A few days ago, a dear friend sent me a video clip showing Bill Clinton nodding off during a Martin Luther King Day awards ceremony in New York. The accompanying article mentioned that Bill liked to grab a nap in the middle of the day because it invigorated him.
I couldn't watch the video. It seemed mean-spirited to eavesdrop as the poor, exhausted guy struggled against sleep, especially knowing that I've dozed off myself at some inauspicious times and places. But I did get to thinking about the whole concept of the "power nap," an idea so popular that it has its own entry in Wikipedia and over 179,000 Google references.
It struck me that there's something screwy in the idea that we can't let a nap be about sleeping--plain and simple--without the word "power" being attached to it. It seems emblematic of our Type A culture that even catching up on zzz's needs to be rationalized as a way to forge ahead. We can't just let ourselves rest, no matter how tired we feel. Instead, we find a way to turn rest into a tool for working even harder later on.
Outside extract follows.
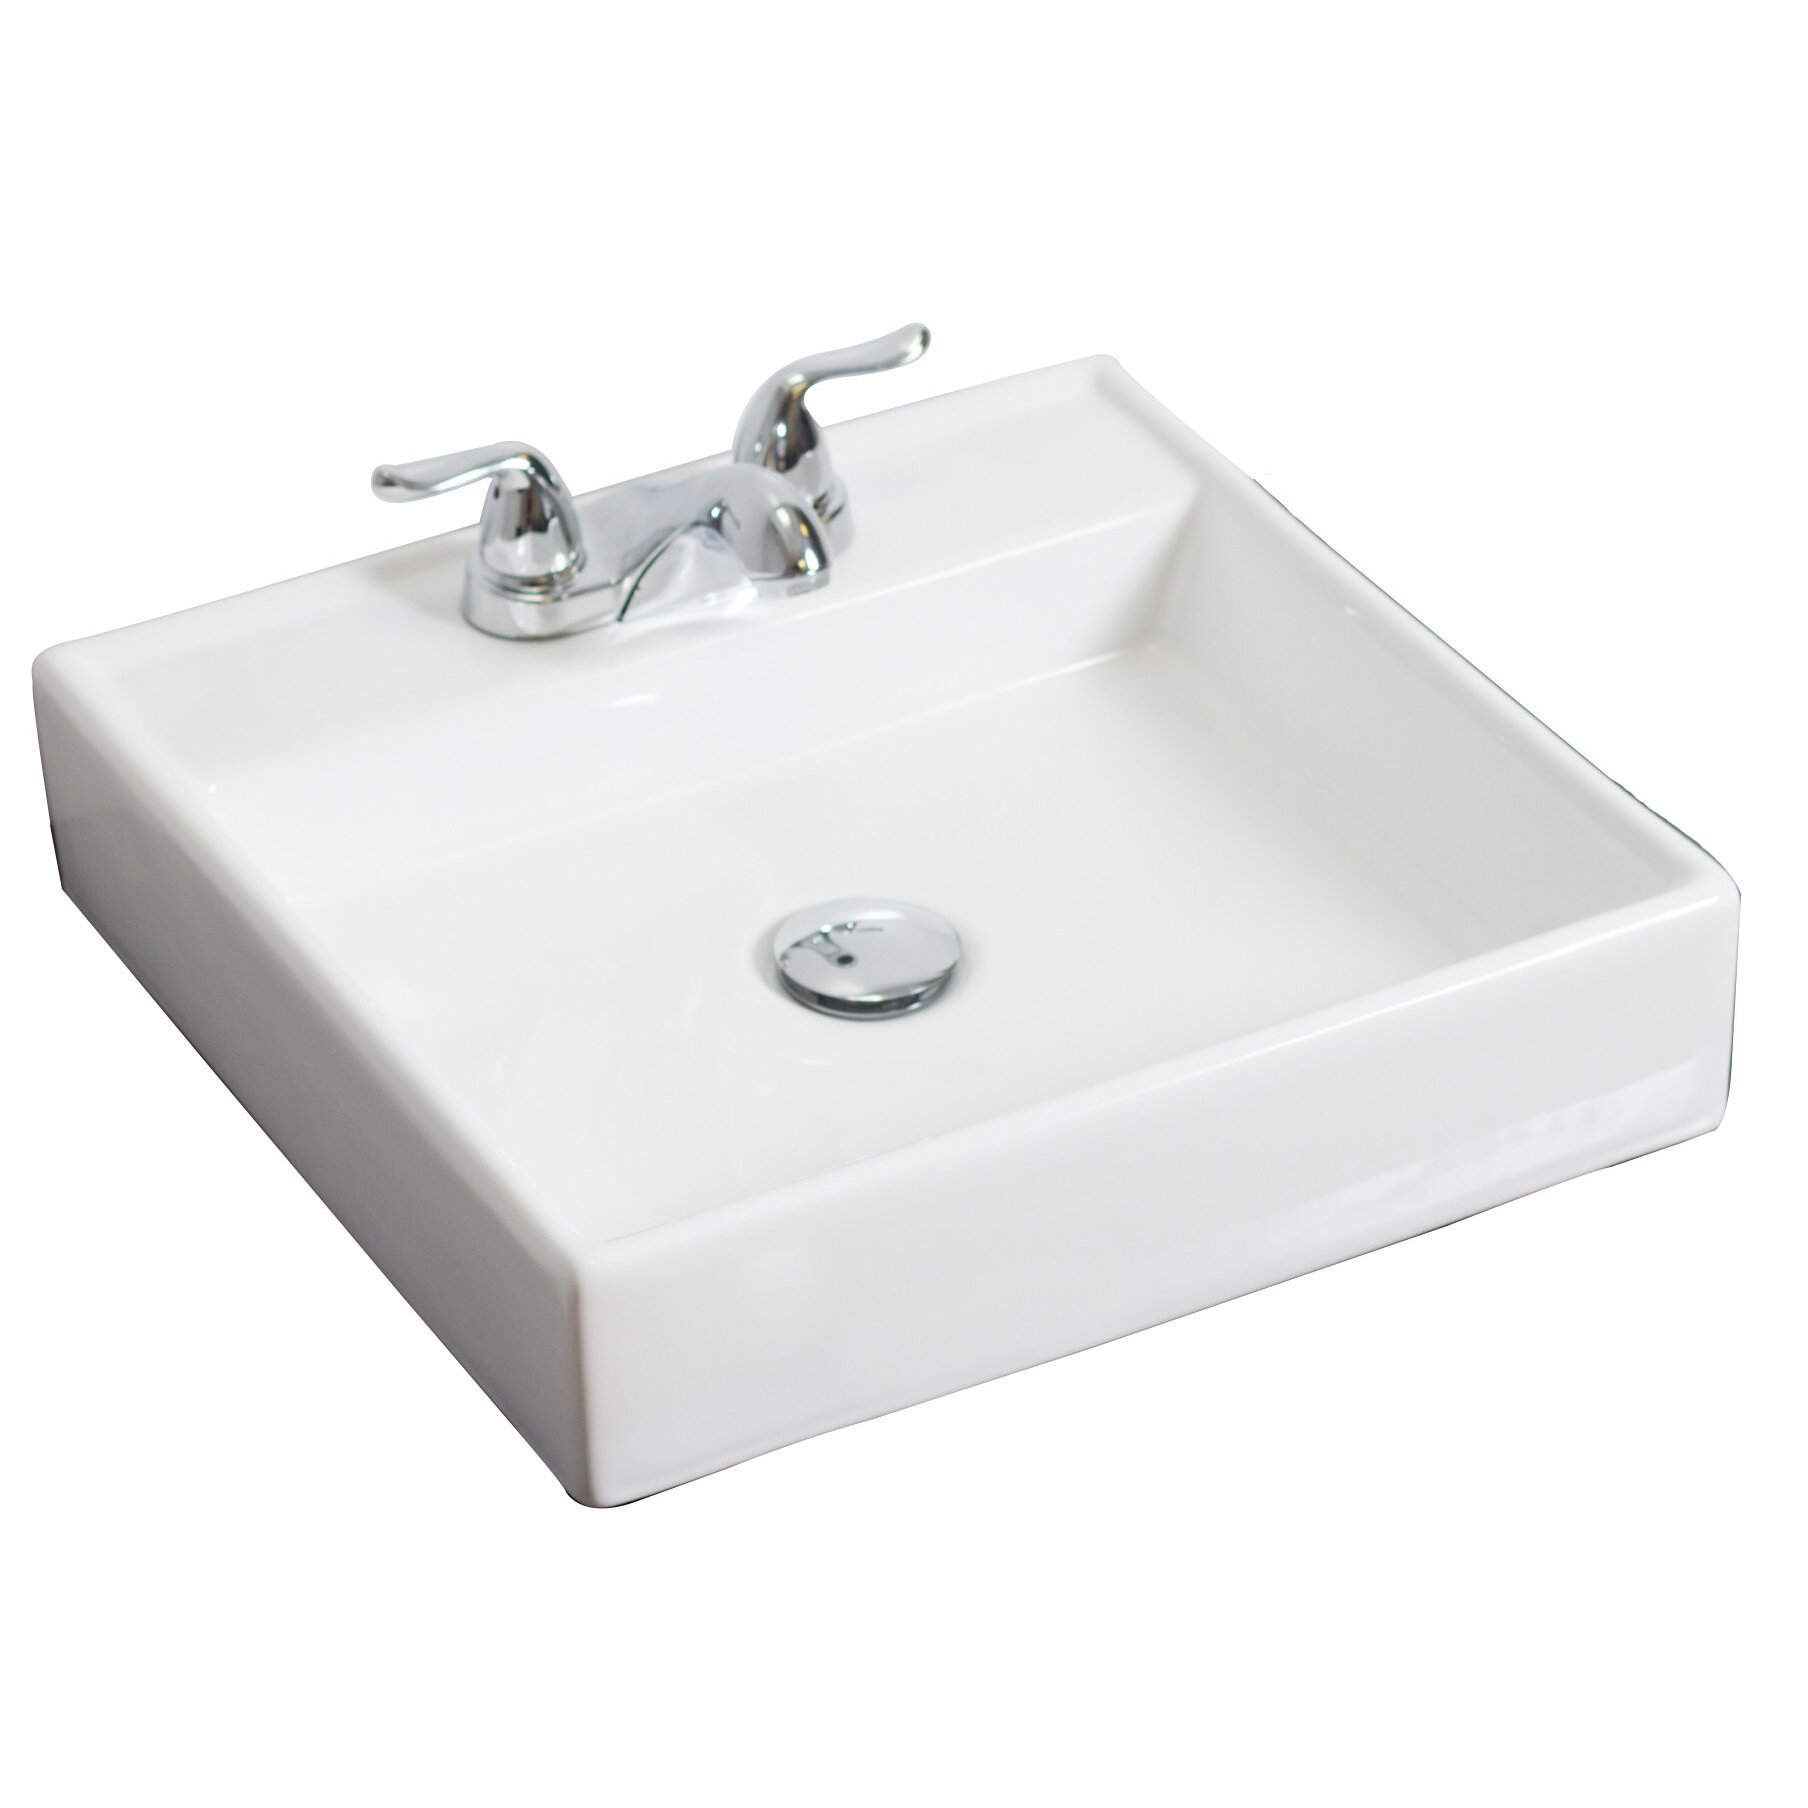 Bathroom Sink Counter above counter rectangle vessel

And so I'd like to propose that we embrace "unpower" napping--or napping that has no purpose whatsoever other than to let us snooze when tired so that we can live in harmony with our natural rhythms. In those countries that still have mid-day siestas, nobody bothers to worry about how much power the nap generates. Rather, the nap becomes part of a life lived with grace, balance, and self-love, a life where there's time for both work and true rest. That's what I wish for all of you.